Übermäßig viel Gewalt gegen ukrainische Flüchtlinge in Berlin
Seit dem russischen Überfall auf die Ukraine häufen sich die Angriffe auf Flüchtlinge in Berlin

Ukrainische Flüchtlinge – rund 60.000 leben in Berlin – werden in der angeblich so weltoffenen deutschen Hauptstadt mehr als zweieinhalb mal so oft Opfer von Körperverletzungen als der Schnitt der Bevölkerung. Das ergebe sich aus der Antwort des Senats auf eine parlamentarische Anfrage der Grünen-Abgeordneten Vasili Franco und Cathrin Wahlen, sagte Franco.
Auch der Anteil bei den Bedrohungen liege deutlich über dem Durchschnitt. Eine mögliche Erklärung könnte ein „höheres Maß an Hasskriminalität“ sein.
Seit dem russischen Überfall auf die Ukraine am 24. Februar 2022, der eine Fluchtwelle vorwiegend von Frauen und Kindern auch nach Berlin auslöste, verzeichnete die Berliner Polizei 3250 Straftaten gegen jeweils mindestens ein ukrainisches Opfer – von Körperverletzung bis zum Diebstahl.
Bei 575 Körperverletzungen an Ukrainerinnen und Ukrainern wurde ein Verdächtiger ermittelt
In 1237 Fällen konnte ein Verdächtiger ermittelt werden. Dabei ging es oft um Körperverletzungen (575), Bedrohungen (187) und Beleidigungen (86).
Ob unter den Straftaten auch viele politisch motivierte Verbrechen mit einem Bezug zum Krieg Russlands gegen die Ukraine waren, konnte die Polizei anhand der statistischen Daten nicht sagen.
Auffällig war die hohe Zahl der Taten vor allem in den Bezirken Mitte (640) und Charlottenburg-Wilmersdorf (484). In den anderen Bezirken waren es deutlich weniger.
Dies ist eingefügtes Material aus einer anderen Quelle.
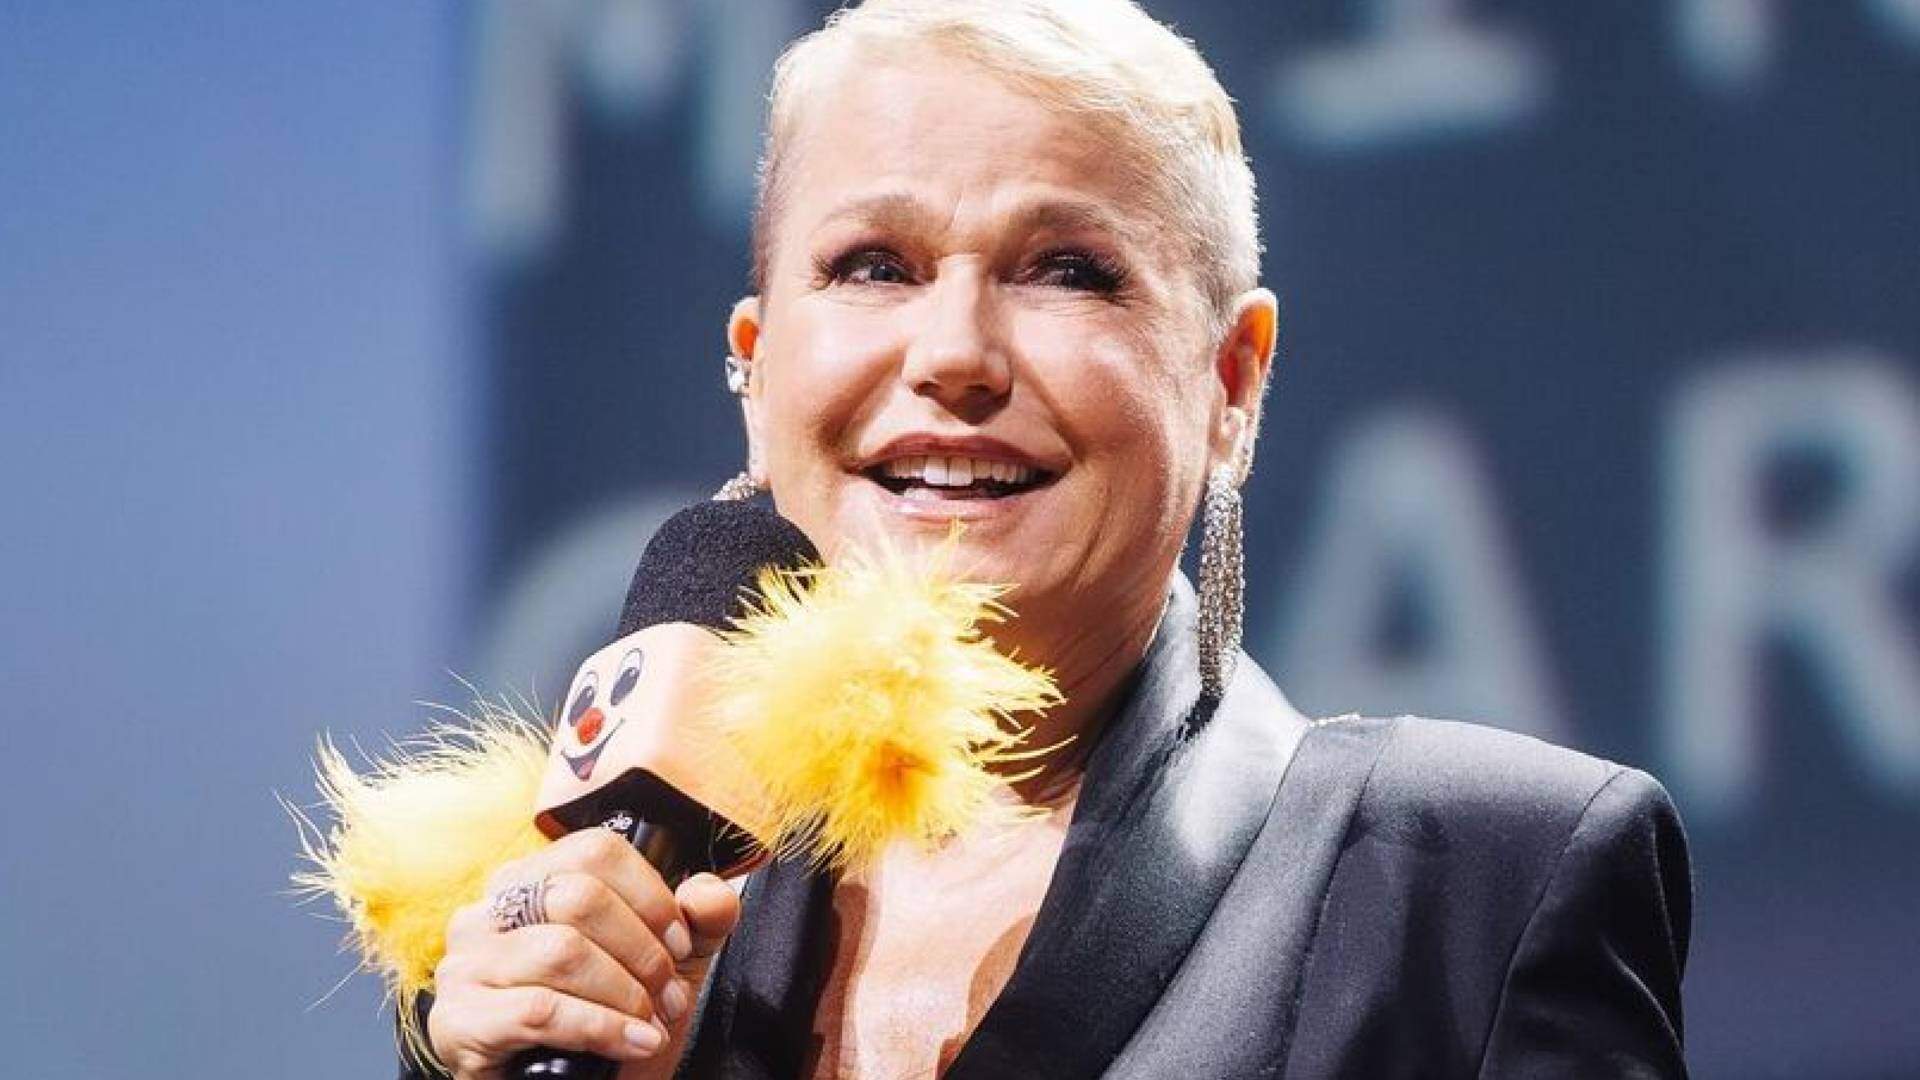 Xuxa cai no choro ao relembrar atitude polêmica que tinha como apresentadora infantil: “Desculpa”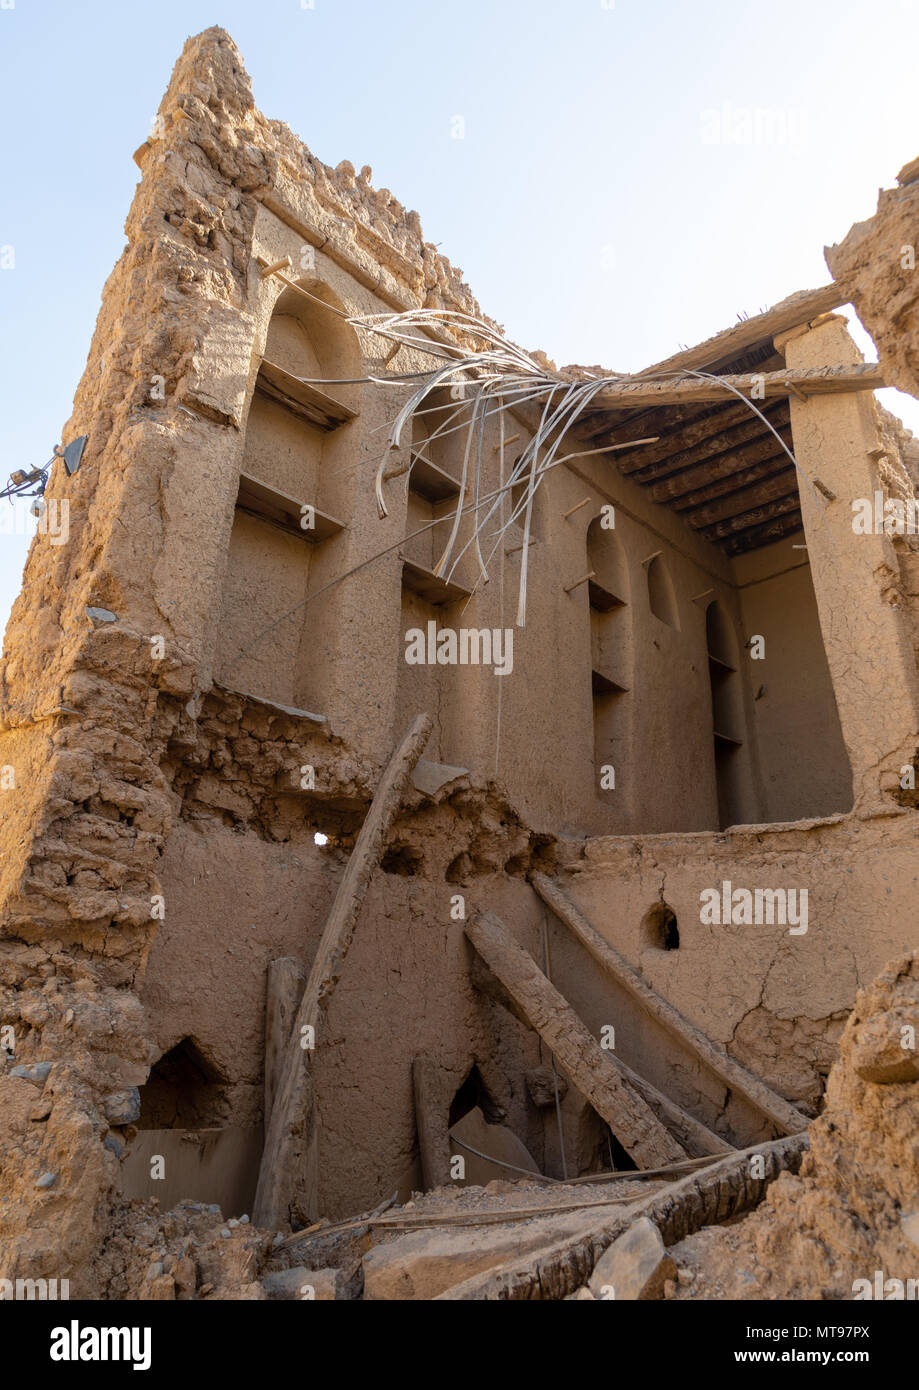 Old abandoned house in a village, Ad Dakhiliyah Region, Al Hamra, Oman Stock Photo

Gehäuft kamen vor allem Diebstähle vor (1294), dann Körperverletzungen (704), Betrug (301), Bedrohung (234) und Beleidigung (117).
Der Innenpolitiker Franco wies darauf hin, dass ukrainische Flüchtlinge immer wieder von verbalen und physischen Übergriffen wegen ihrer Nationalität oder Sprache berichten würden. Die vorliegenden Zahlen bestätigten daher auch entsprechende Warnungen ukrainischer Organisationen.
Ob politische Motive zu den Angriffen auf Ukrainer in Berlin führen, ist offiziell unbekannt
Dass die politische Motivation der Verdächtigen unbekannt sei, „ist mehr als bedauerlich“, so Franco. Der Senat hatte erklärt, dass einige Organisationen, „die den Phänomenbereichen des Rechtsextremismus, der ‚Reichsbürger-Szene‘ und dem Spektrum der verfassungsschutzrelevanten Delegitimierung des Staates zuzurechnen sind, pro-russische Positionen“ vertreten würden.
Erkenntnisse, dass verfassungsfeindliche Organisationen konkret anti-ukrainische Propaganda verbreiten, lägen dem Senat aktuell allerdings nicht vor.
Ein Problem ist laut Franco auch, dass bisher nur 23 Ermittlungsverfahren zu einer Anklage vor Gericht geführt hätten. Laut Statistik wurden Verfahren vielfach eingestellt.
Bis zum Stichtag 10. März waren 983 Straftaten von der Polizei an die Amts- oder Staatsanwaltschaft übergeben worden.